QUOTE (Greg Hullender @ Oct 24 2006, 08:14 PM)

A point worth mentioning for the benefit of the "planet is a cultural term" crowd: we are talking about only eight objects (no more than 100 max) at the moment. Equating this issue with rivers or mountains, which exist by the thousands, if not tens of thousands, is not credible.
That's a difference, but why is it a relevant difference? I see no reason why there being fewer of them makes them not "cultural". Stars outnumber (terrestrial) mountains. Galaxies outnumber (terrestrial) rivers. Does that make galaxies more or less cultural than rivers, or is number irrelevant to the matters at hand?
Of course, we could talk about continents, which number roughly the same as planets, and the continent-ness of Europe and the non-continentness of India.
QUOTE (Greg Hullender @ Oct 24 2006, 08:14 PM)

Further, the general public has far, far more contact with a variety of mountains and rivers, and the distinction between those and "hill" and "stream" is likewise far more important to the average joe (who might need to cross one), and thus, far more likely to genuinely have a "cultural" component. For "planet" vs. "moon" or "dwarf planet" or whatever, the impact on the average person (as opposed to the specialist) is nothing more significant than winning or losing a point in Trivial Pursuit.
There is no question that geography intrudes on the consciousness of the layfolk more than astronomy.
However, the term "planet" also has a tenuous association with science. And as a preamble, let's not confuse the objects in question with the term. Scientists do science concerning Mars; that does not mean that all of the words used in discussions of Mars are scientific terms, much less that they are all amenable to formal definition.
1) Since Bode's Law has ceased to be serious science, the term "planet" has not held for scientists any significant distinction vs. the bodies just smaller than planets. This isn't like "fungus" and "plant" or "baryon" and "lepton" or "DNA" and "RNA". No natural distinction has been meant, needed, or detected. Unlike the other examples I presented in the previous sentence, it is unimaginable that the revelation that something once thought to be a planet and then discovered to be just barely too small (or vice versa) would have any consequence for one's understanding of that object's place in the natural world. In this way, the distinction is quite like that between "river" and "stream".

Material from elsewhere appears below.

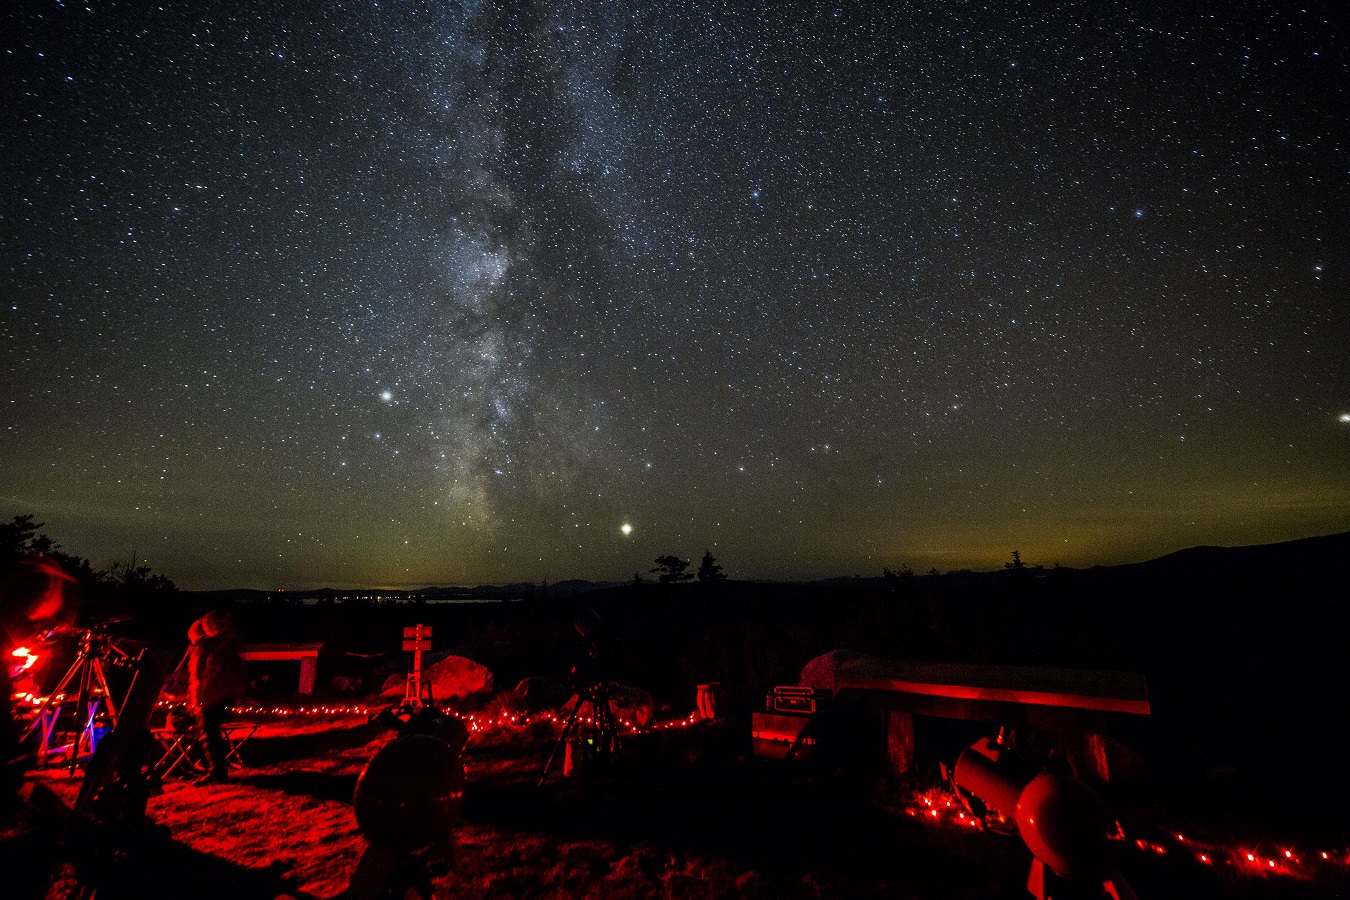 View of the Milky Way from the Loop Road Overlook at Stars Over Katahdin 2019. In the foreground people and telescopes are illuminated with red light.

And by any standards, the comparison between the Mercury-Jupiter similarity and the Mercury-Ceres suggests a category boundary drawn for historic, not scientific, reasons. M::C is more similar in size, composition, structure, etc., than M::J. Originally, Mercury and Jupiter shared naked-eye visibilty and motion and nothing else.

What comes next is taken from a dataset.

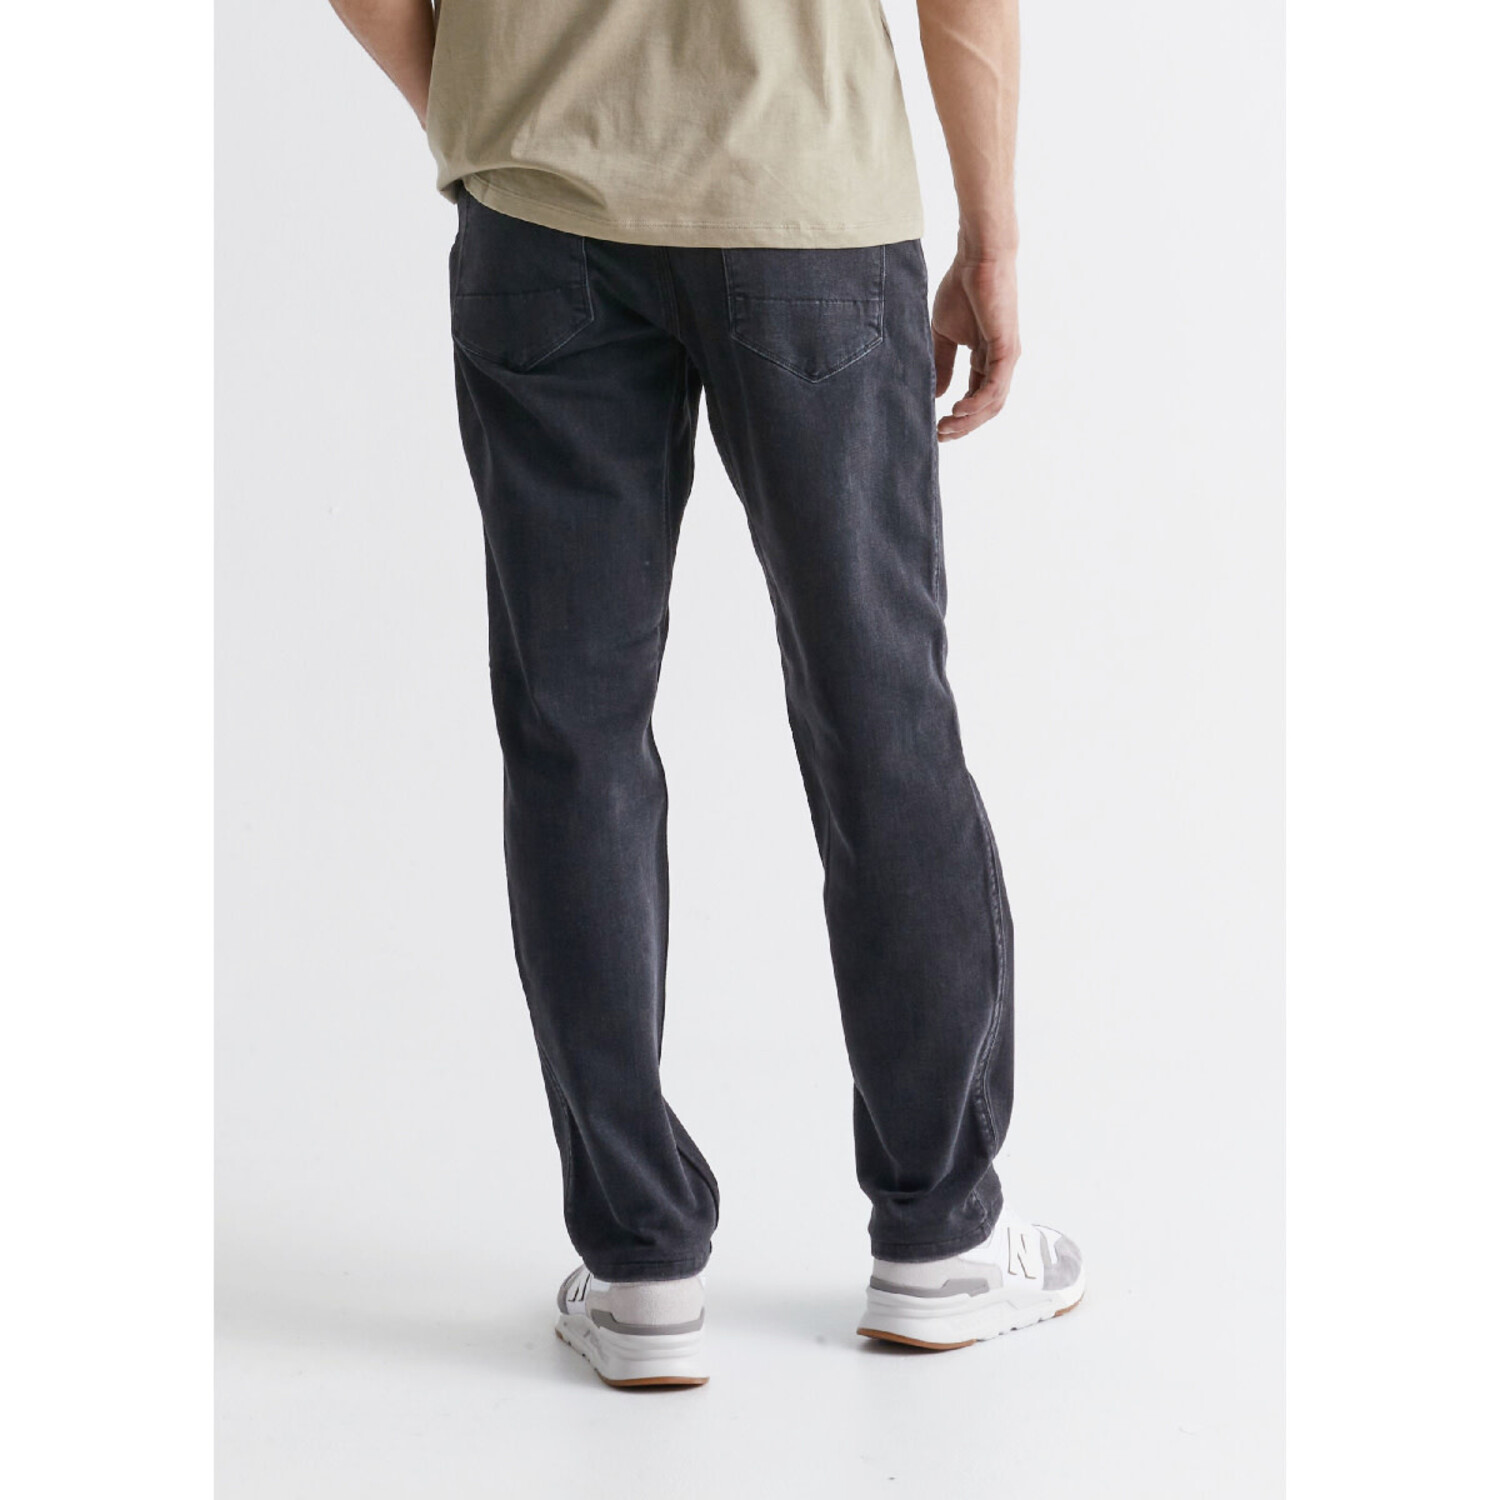 DUER Men's Performance Denim Athletic Straight (Discontinued

The term "planet" is USED by scientists, but it is not a scientific term any more than "Star Wars" is a scientific movie.

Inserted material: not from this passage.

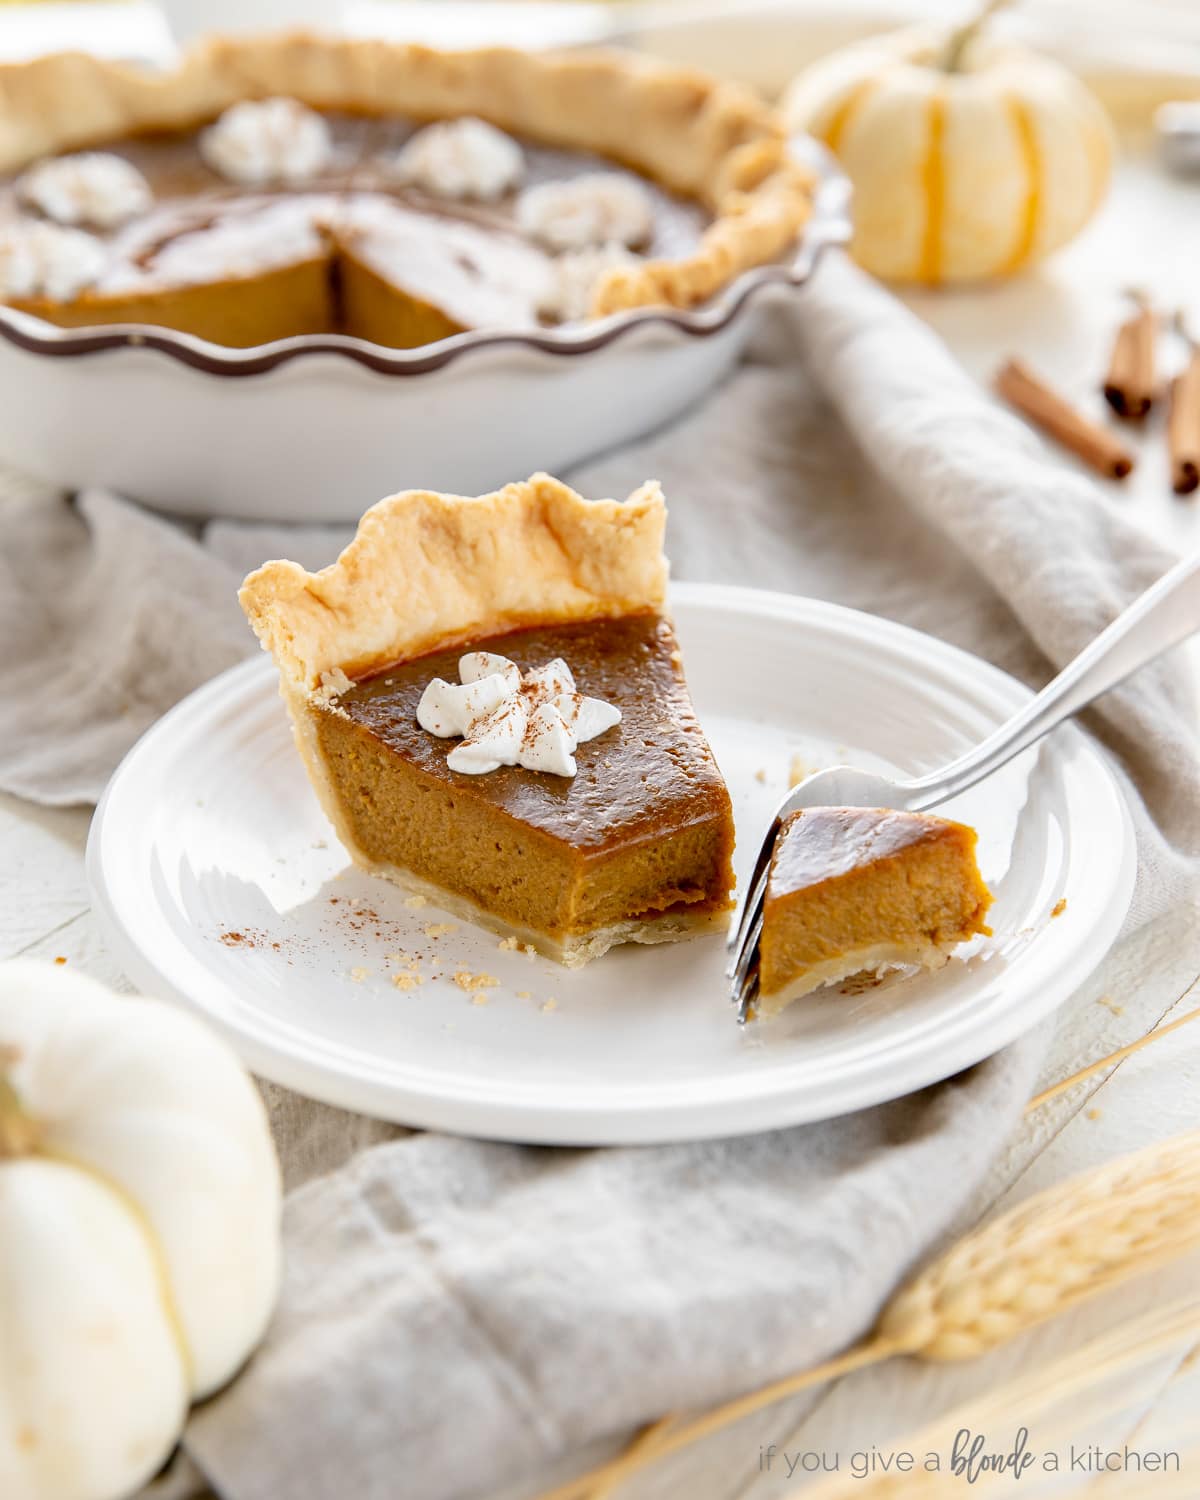 slice of pumpkin pie on plate with fork taking a bite.

2) Even so, if the term belongs to anyone, it would be the middlebrow "users" that talk about it the most: museums, PBS specials, grade schools, cinematic fiction about spacefarers, and casual readers of newspapers.
There are about 10,000 IAU members. There are, in the developed world, no less than a billion non-astronomers. I would fearlessly posit that the term "planet" is cumulatively used far more often by the billion than the ten thousand: they only need to mention it 1/100,000th as often to do so. If a layperson hears the term once a year, then the average astronomer would need to hear it every 3 waking minutes to make up the gap. Even before acknowledging that many astronomers concentrate on larger things than planets, this seems exceedingly unlikely.
QUOTE (Greg Hullender @ Oct 24 2006, 08:14 PM)

So I'd say, no, you have not proven your case that "planet" is a "cultural term." Planets are squarely in the realm of science. No one else really cares.
--Greg
Quite the opposite. The Google query "Pluto is still a planet" garners considerably more hits than the IAU has members. People with no college education have brought the subject of Pluto up with me. Newsweek had a cover story about it. There is far more cumulative eyeball-time coming from laypersons than professionals.
If we were talking about neutron stars or Oberon, the opposite might be true, but with Pluto, it's no contest.
The real measure here is how often do we have scientists using the term with scientific significance, on the one hand, vs. scientists using the term in a vague and offhand way PLUS laypersons using the term in a vague and offhand way. There's really no comparison. Since the asteroids and Pluto were used as data regarding Bode's Law, the term has not had a scientific role. For what it's worth, Icarus no longer accepts submissions on the topic of Bode's Law.